Kayid is one of the most high-profile hunger strikers since Palestinian journalist Muhammad al-Qiq came near death during a 94-day hunger strike before he was finally released in May.

The two al-Balboul brothers, held in Israel’s Ofer prison, have also reportedly suffered from medical complications due to their 23-day hunger strike in protest of being transferred to administrative detention. The statement added that IPS officials have reportedly assaulted the brothers in an attempt to force them to end their strikes.

The brothers were detained on June 9 from Bethlehem, just two months after their 14-year-old sister, Nuran, was detained after attempting to cross Israel’s 300 checkpoint between northern Bethlehem and Jerusalem for allegedly possessing a knife, an accusation locals have denied.

Muhammad, a dentist, was sentenced to six months of administrative detention, while Mahmoud, a Master’s student at al-Quds University, was sentenced to five months.

Nuran was released from prison on July 12 after serving three months in prison.

The three are children of Ahmad al-Balboul, a prominent leader in Fatah's Al-Aqsa Martyrs Brigades, who was shot dead along with three other Palestinians by undercover Israeli forces in March 2008.

Committee head Issa Qaraqe expressed his support in the statement for the sit-in strikes staged across the occupied West Bank in support of hunger-striking prisoners and in protest of Israel’s arbitrary detention of Palestinians.

The sit-ins took place in the Duheisha refugee camp, Manger Square in Bethlehem, and in Ramallah, where hundreds of participants attended, including the detainees’ families and several Islamic association representatives.

Qaraqe urged an international intervention in Israel’s policies against Palestinians in order to save the lives of the hunger strikers, adding that the international community should take responsibility for Israel’s discriminatory detention policies against Palestinians.

Israel considers the majority of Palestinian political parties to be “terrorist organizations." As a result, most Palestinians who participate in the political arena in the occupied Palestinian territory risk being imprisoned by Israeli authorities.

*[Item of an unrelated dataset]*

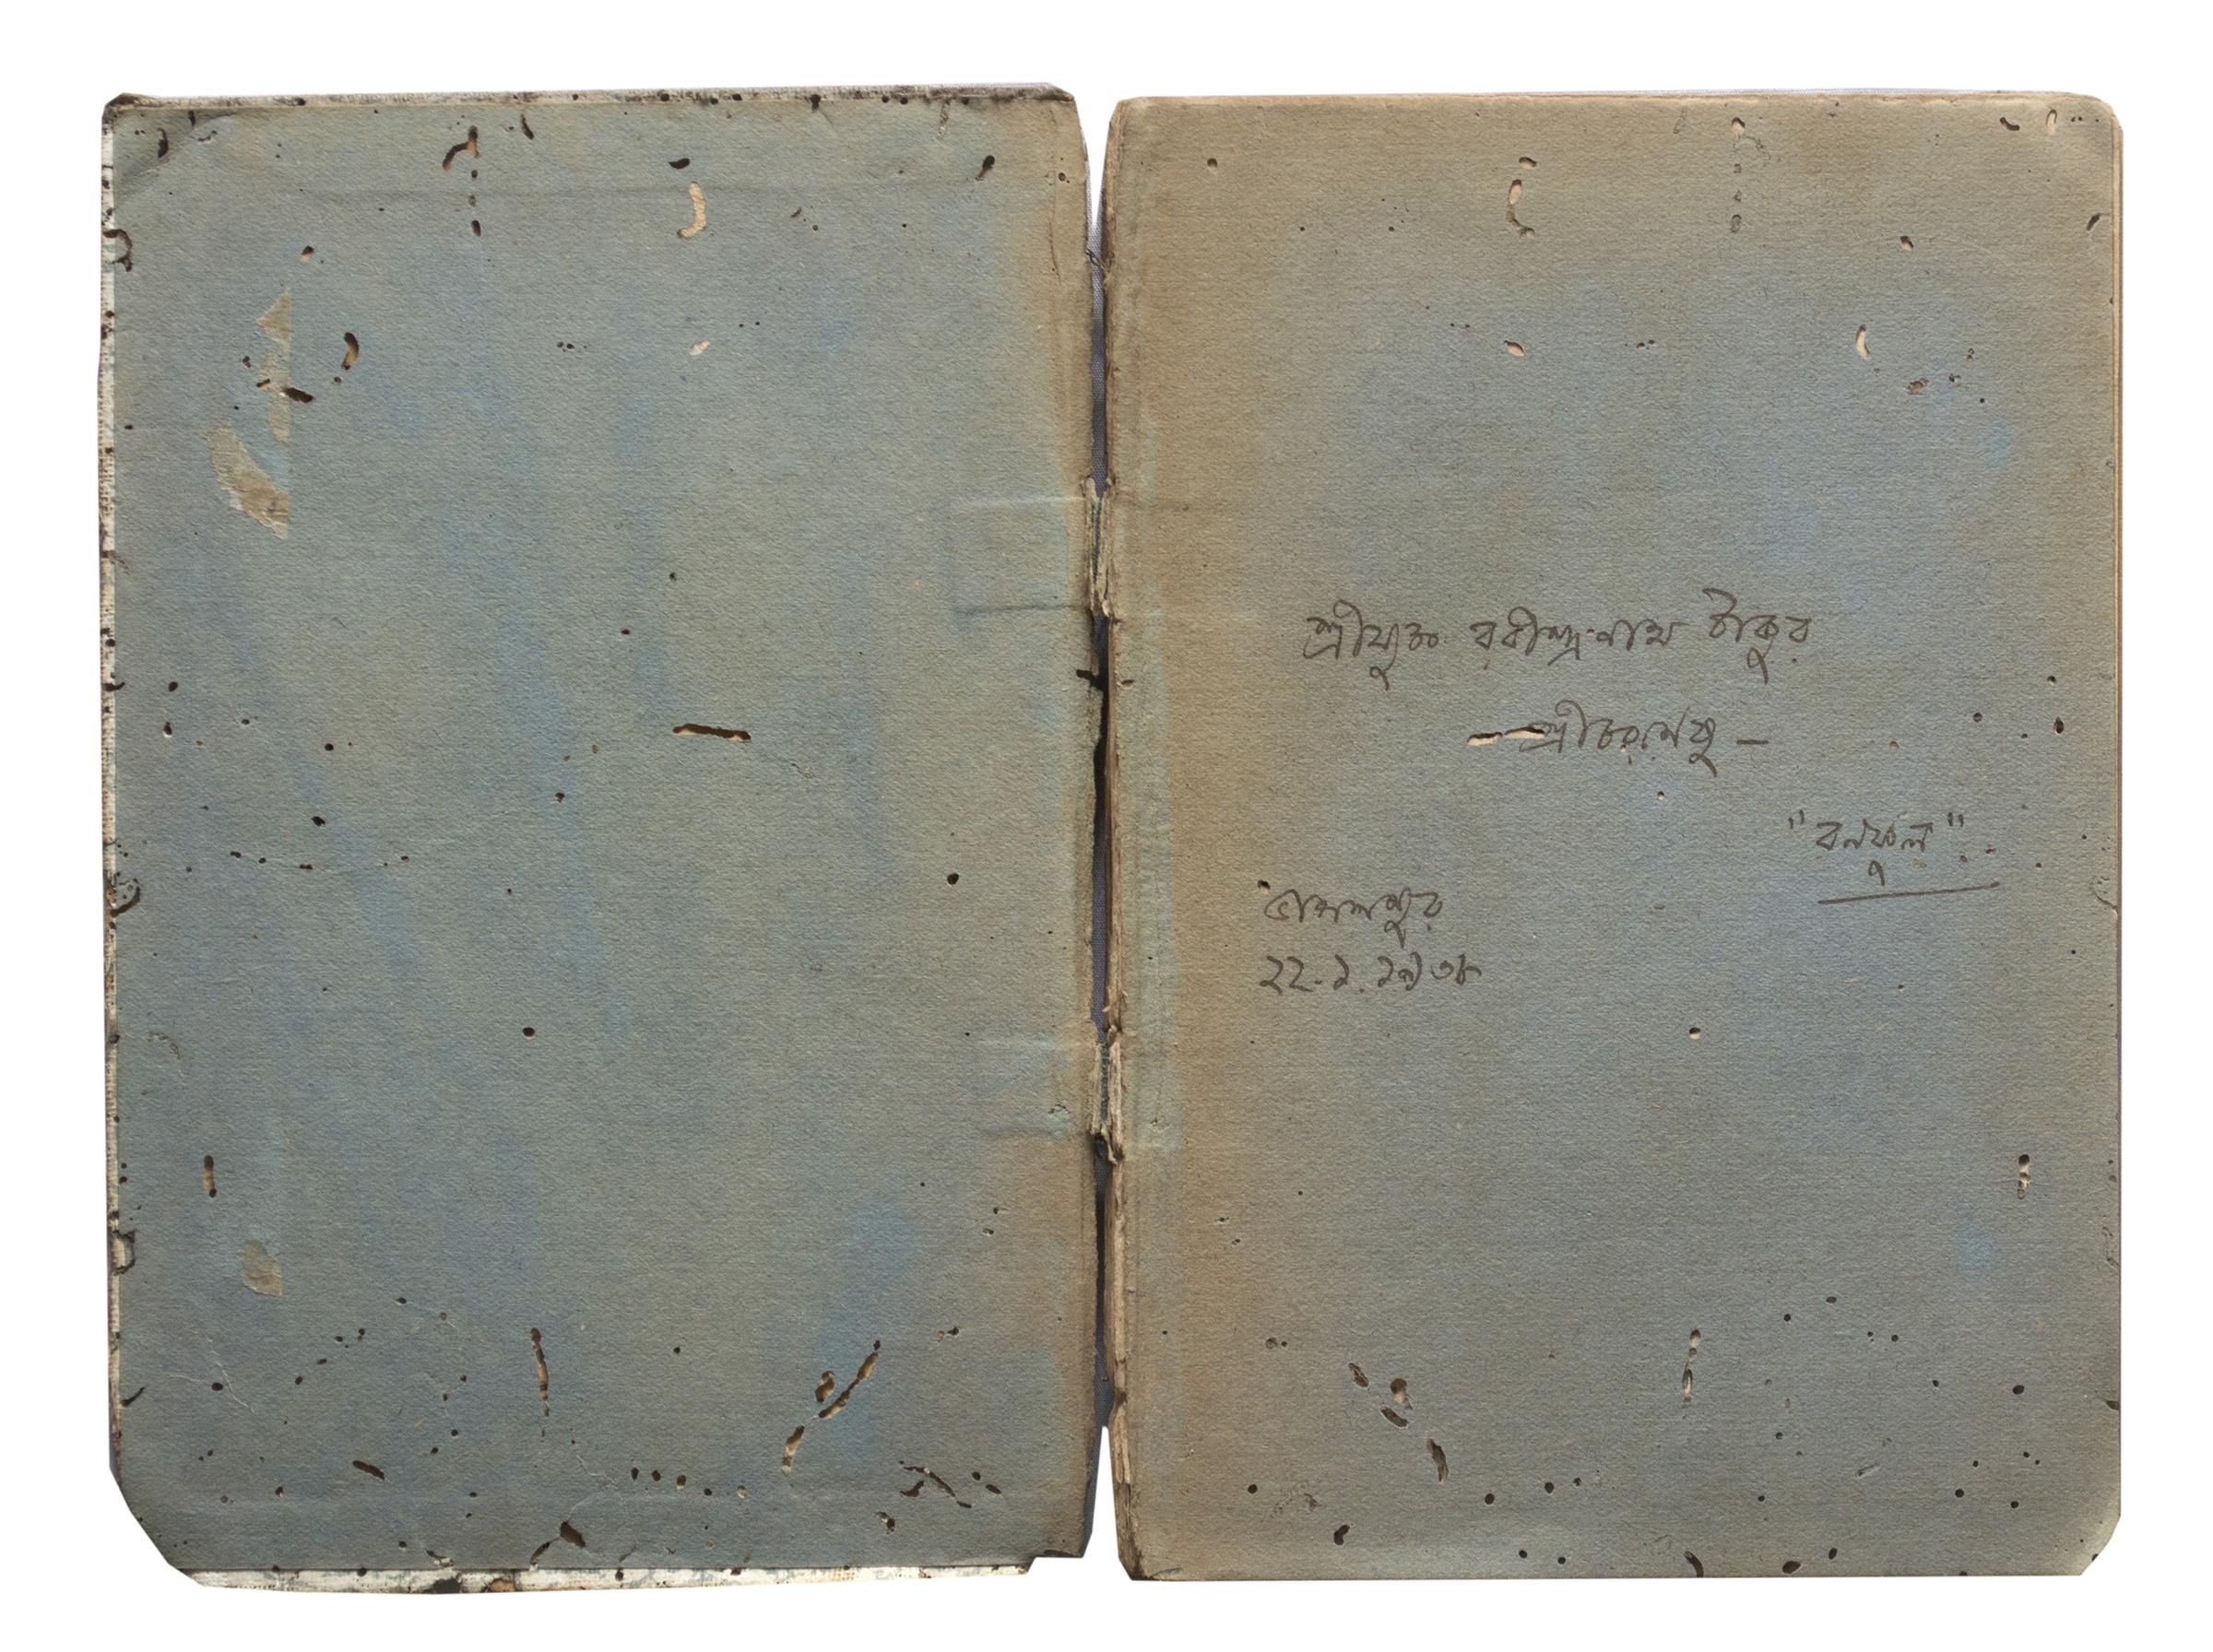 Kichhukhon (novel in Bengali) by Bonophool
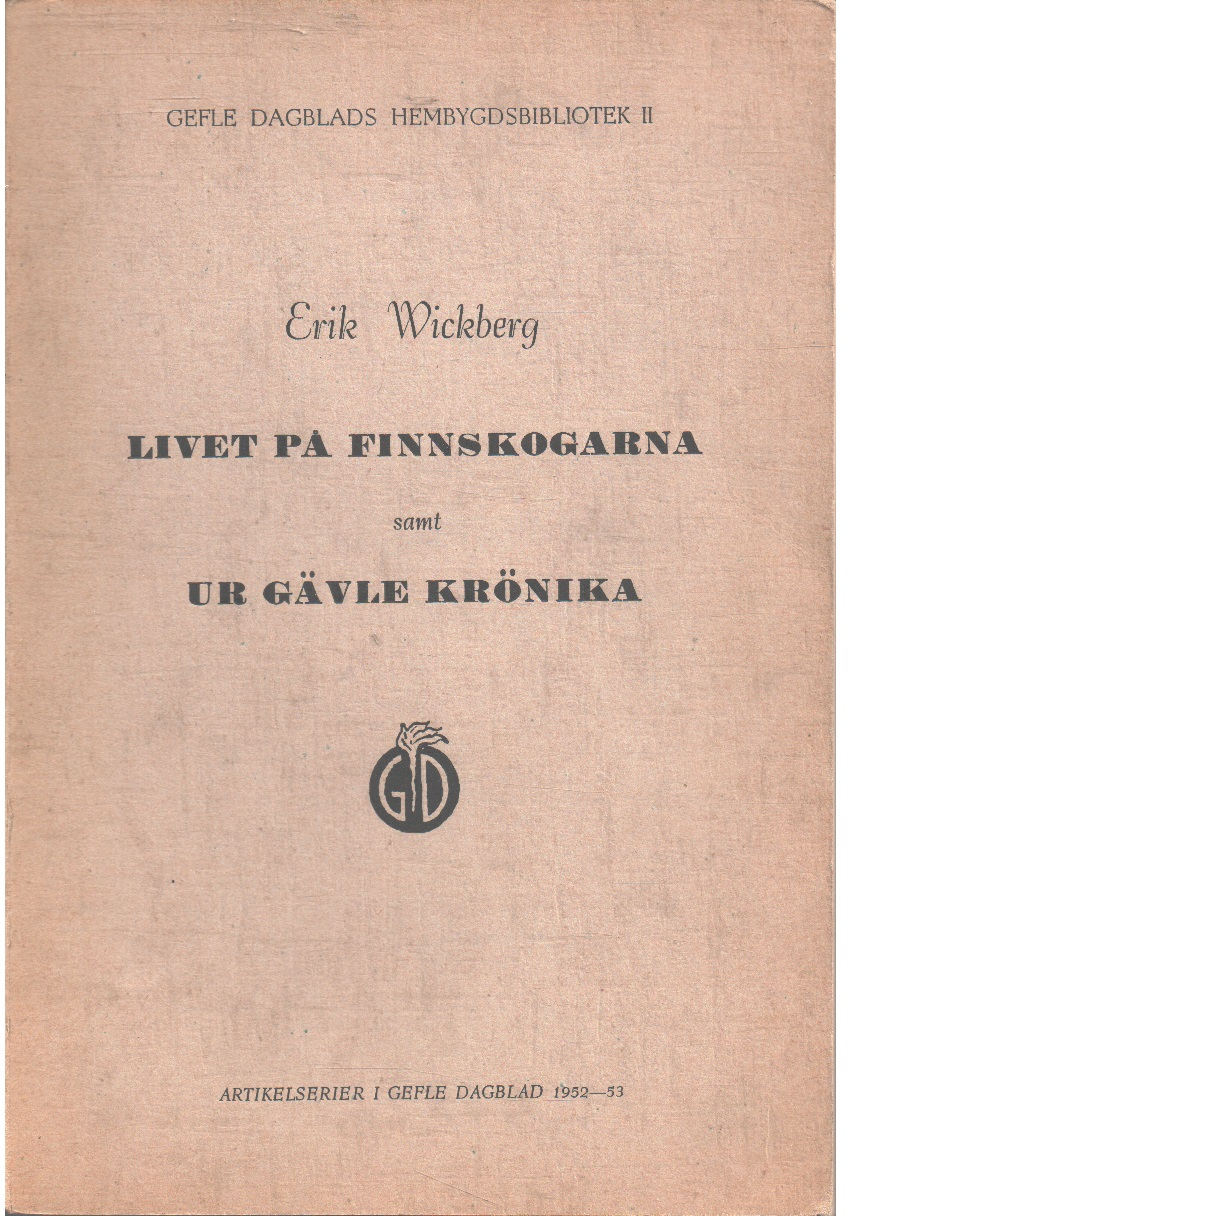 Livet på Finnskogarna samt ur Gävle krönika - Wickberg, Erik

According to Palestinians, Israel uses the policy of administrative detention to detain family members of Palestinian political leaders, in an extension of several policies that rights groups have deemed “collective punishment” aimed at disrupting family life for Palestinians in the West Bank and East Jerusalem.

According to prisoners’ rights group Addameer, 7,000 Palestinians were being held by Israel as of May, 715 of whom were held in administrative detention.